DR Failover and Recovery in a 2 Node Cluster

Important

A 2 node cluster will not fail over automatically.

With only two Unified nodes, with or without Web proxies, there is no High Availability. The database on the primary node is read/write, while the database on the secondary is read only.

Only redundancy is available.

  • If the primary node fails, a manual delete of the primary node on the secondary and a cluster provision will be needed.
  • If the secondary node fails, it needs to be replaced.

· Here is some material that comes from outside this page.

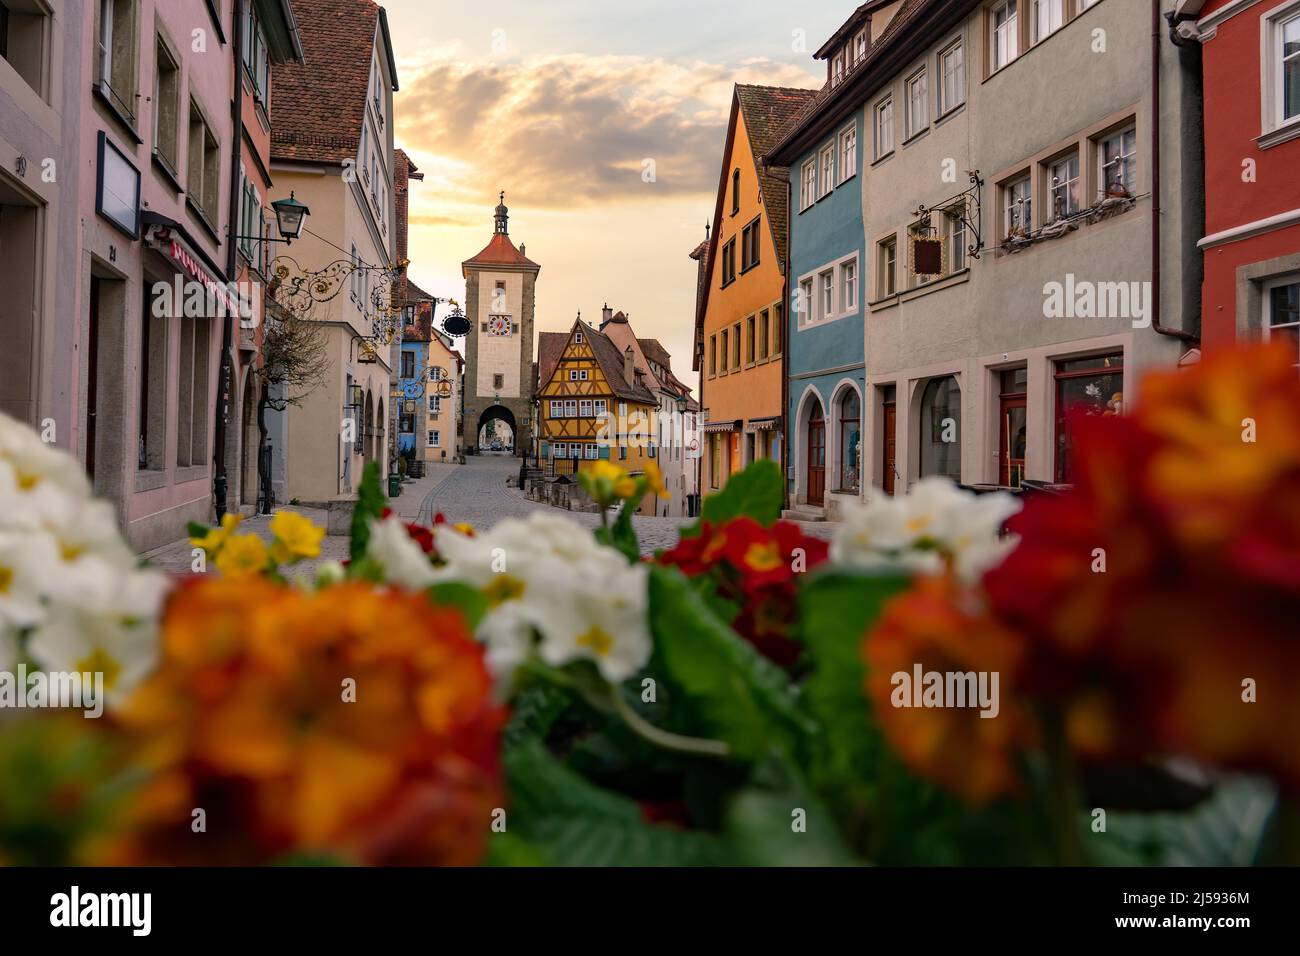 Romantique Rothenburg ob der Tauber dans la soirée avec des springflowers Banque D'Images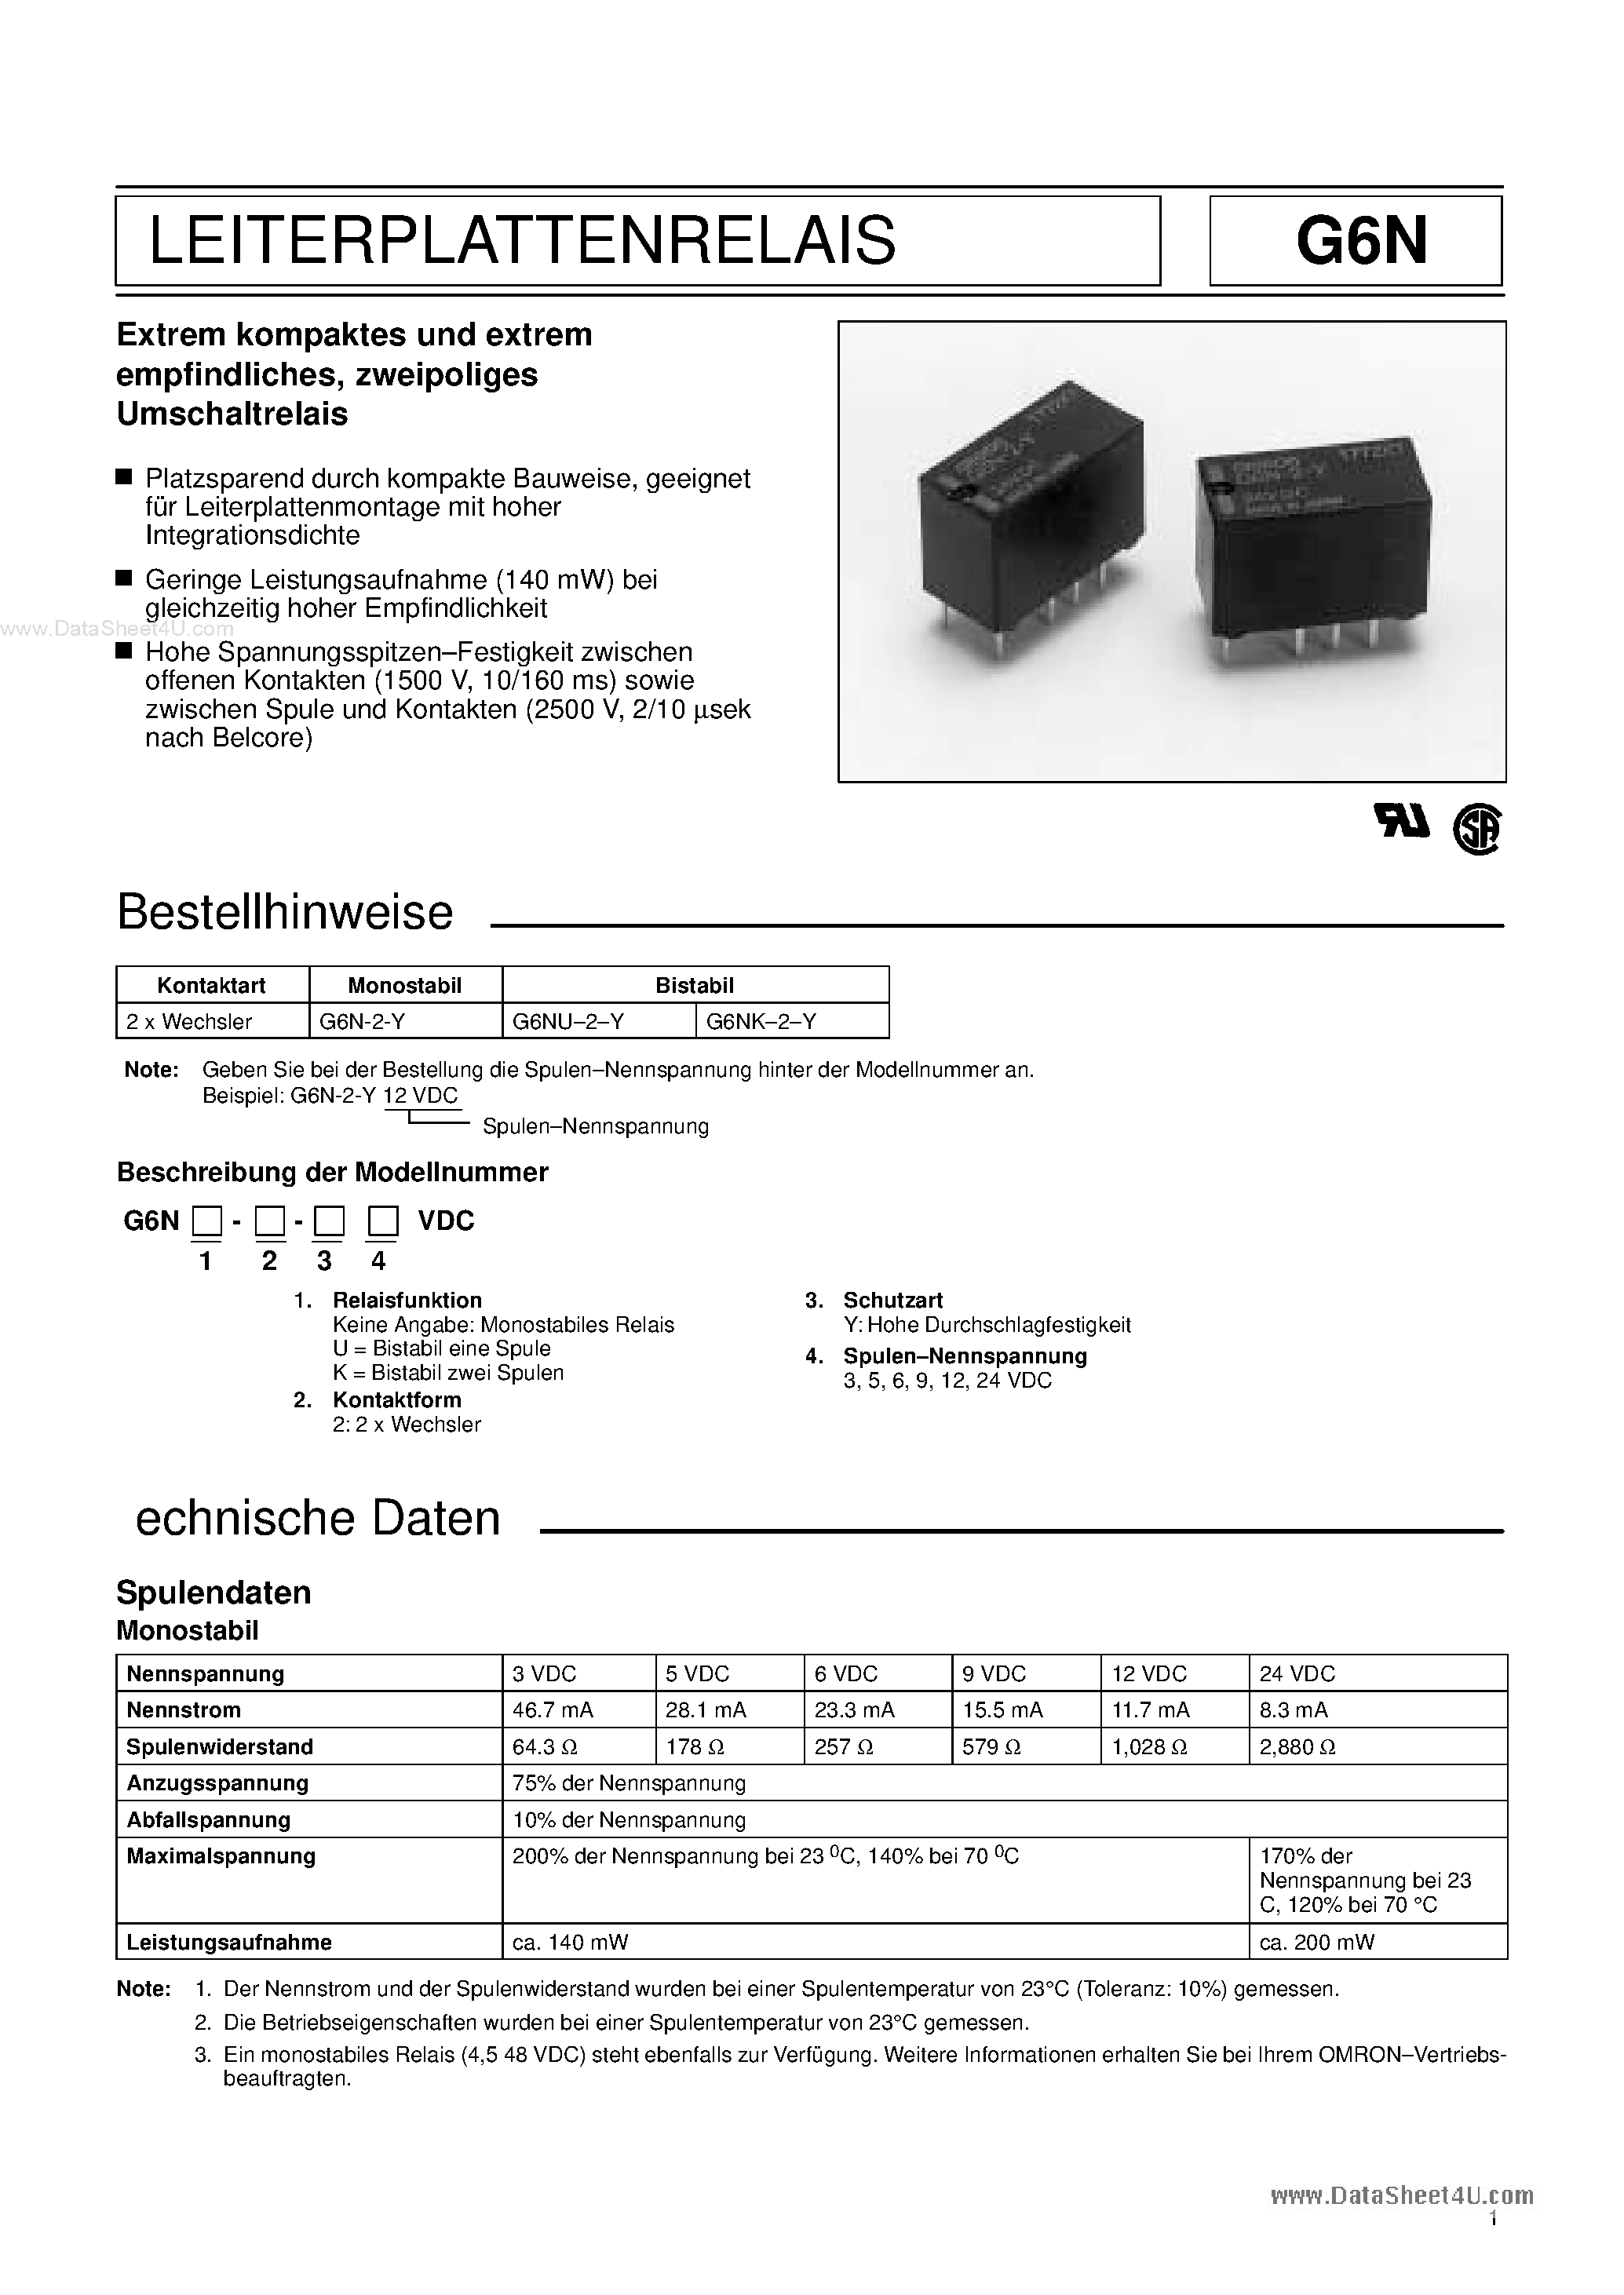 Даташит G6N - Leiterplattenrelais страница 1

Scenario: Loss of Primary Node

  • The administrator deployed the 2-node cluster.

    $ cluster status
    
    Data Centre: jhb
                 application : AS01[172.29.42.100]
                               AS02[172.29.42.101]
    
                 webproxy :    AS01[172.29.42.100]
                               AS02[172.29.42.101]
    
                 database :    AS01[172.29.42.100]
                               AS02[172.29.42.101]
    

    Example database weights:

    $ database weight list
         172.29.42.100:
             weight: 20
         172.29.42.101:
             weight: 10
    
  • Node Failure: in the case where the primary node is lost on the Primary site:

    $ cluster status
    
    Data Centre: unknown
                 application : unknown_172.29.248.100[172.29.248.100] (not responding)
    
                 webproxy : unknown_172.29.248.100[172.29.248.100] (not responding)
    
                 database : unknown_172.29.248.100[172.29.248.100] (not responding)
    
    
    Data Centre: jhb
                 application : AS02[172.29.248.101]
    
                 webproxy : AS02[172.29.248.101]
    
                 database : AS02[172.29.248.101]
    

Recovery Steps

The primary node server is lost.

  1. It is decided to fail over to the secondary node:

    1. On the secondary node, remove the lost server from the cluster:

      cluster del 172.29.248.100

    2. On the secondary node, run cluster provision (it is recommended that this step is run in a terminal opened with the screen command).

      On the secondary node, check:

      $ cluster status
      
      Data Centre: jhb
                   application : AS02[172.29.248.101]
      
                   webproxy : AS02[172.29.248.101]
      
                   database : AS02[172.29.248.101]
      
  2. It is decided to recover the primary node:

    1. On the secondary node, remove the lost server from the cluster:

      cluster del 172.29.248.100

    2. On the secondary node, run cluster provision (it is recommended that this step is run in a terminal opened with the screen command).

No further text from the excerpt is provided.